* **What the task asks**:
From the data, copy out every line in which the word "glass" appears.

* **Dataset records**:

-------------------------

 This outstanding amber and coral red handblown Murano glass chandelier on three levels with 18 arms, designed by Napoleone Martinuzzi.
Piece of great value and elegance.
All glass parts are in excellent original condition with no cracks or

-------------------------

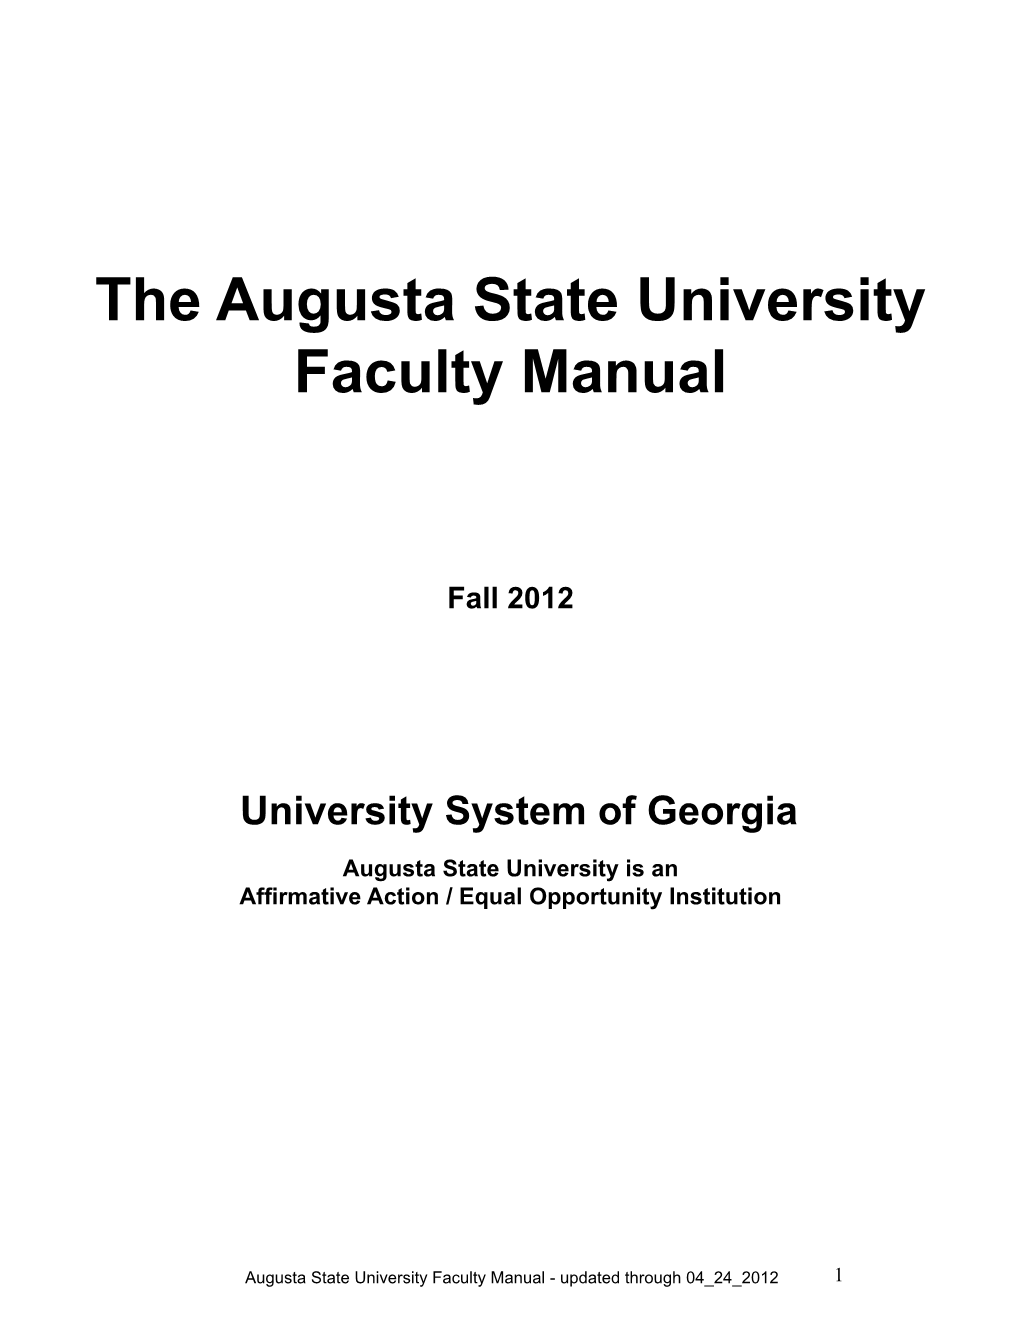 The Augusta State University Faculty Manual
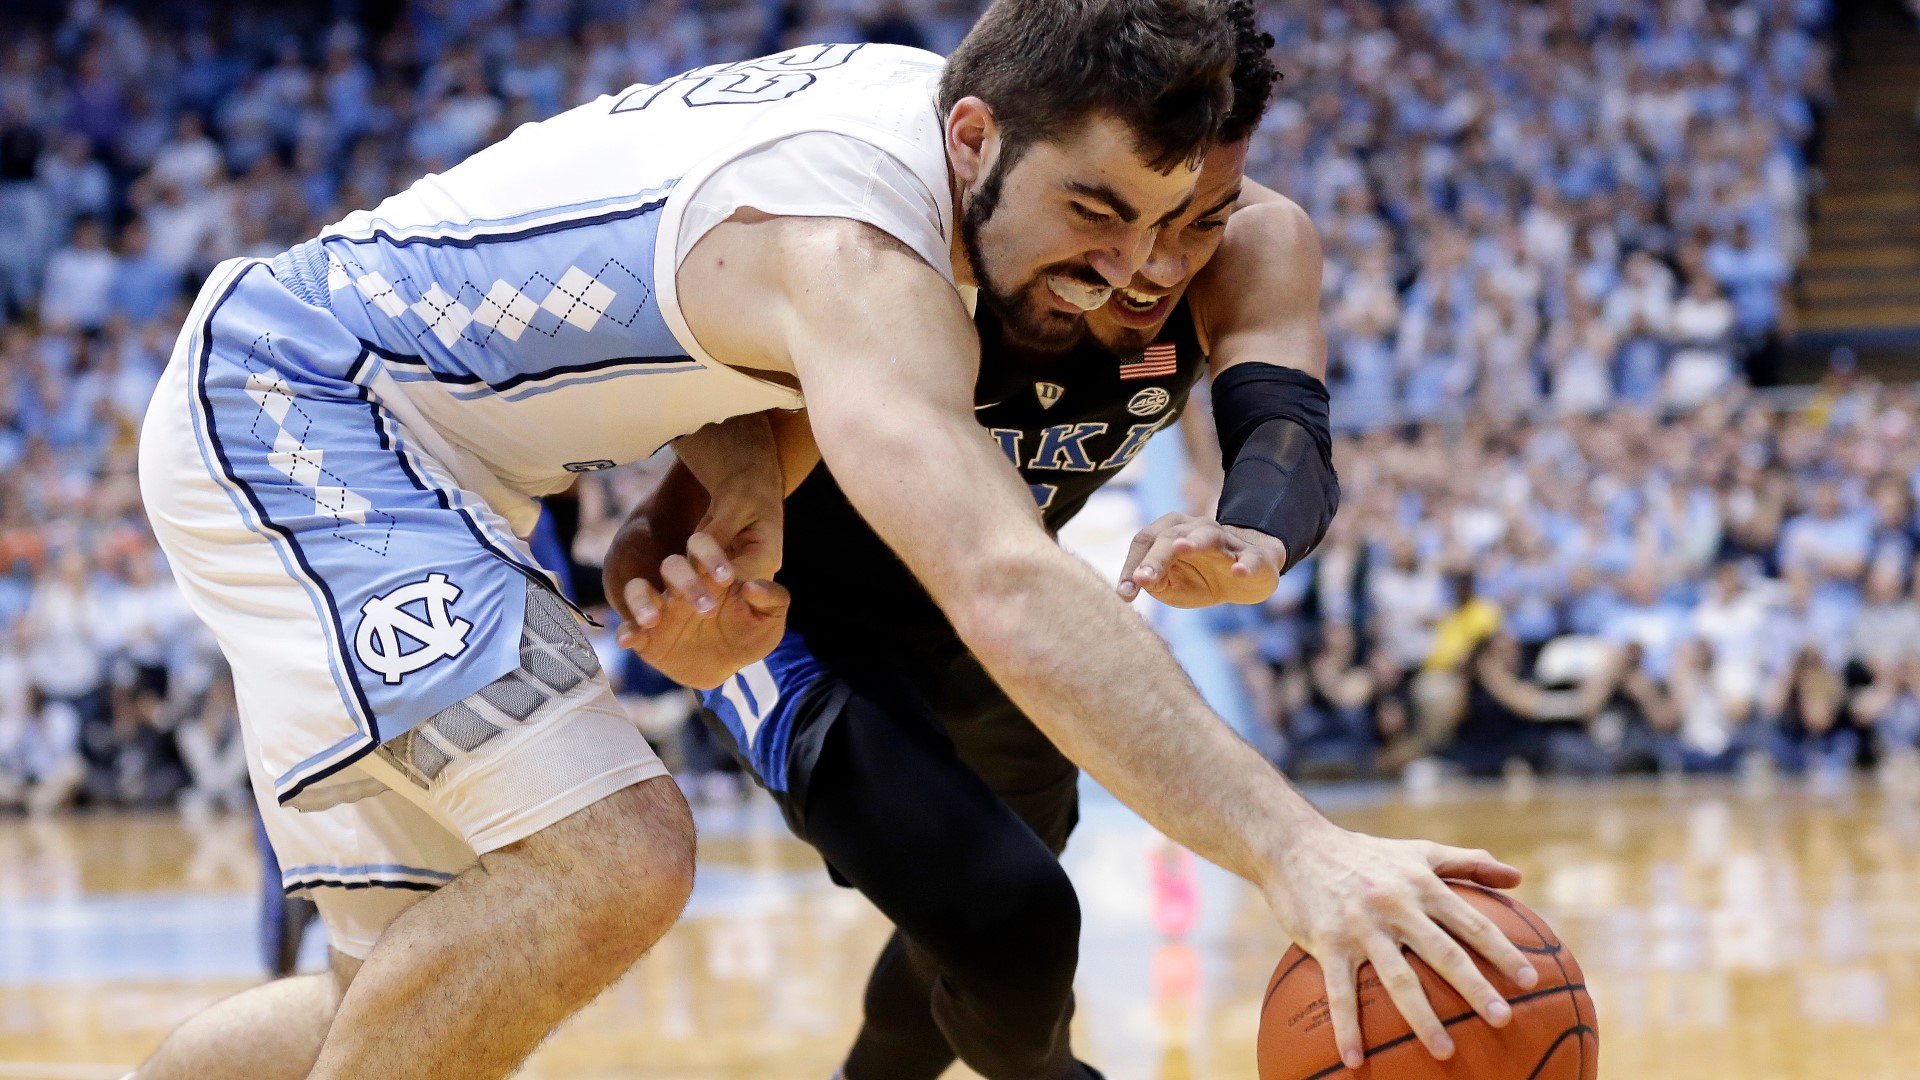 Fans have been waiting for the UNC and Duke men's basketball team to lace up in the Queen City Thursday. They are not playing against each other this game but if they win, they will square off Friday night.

-------------------------

* **Expected output**:
 This outstanding amber and coral red handblown Murano glass chandelier on three levels with 18 arms, designed by Napoleone Martinuzzi.
All glass parts are in excellent original condition with no cracks or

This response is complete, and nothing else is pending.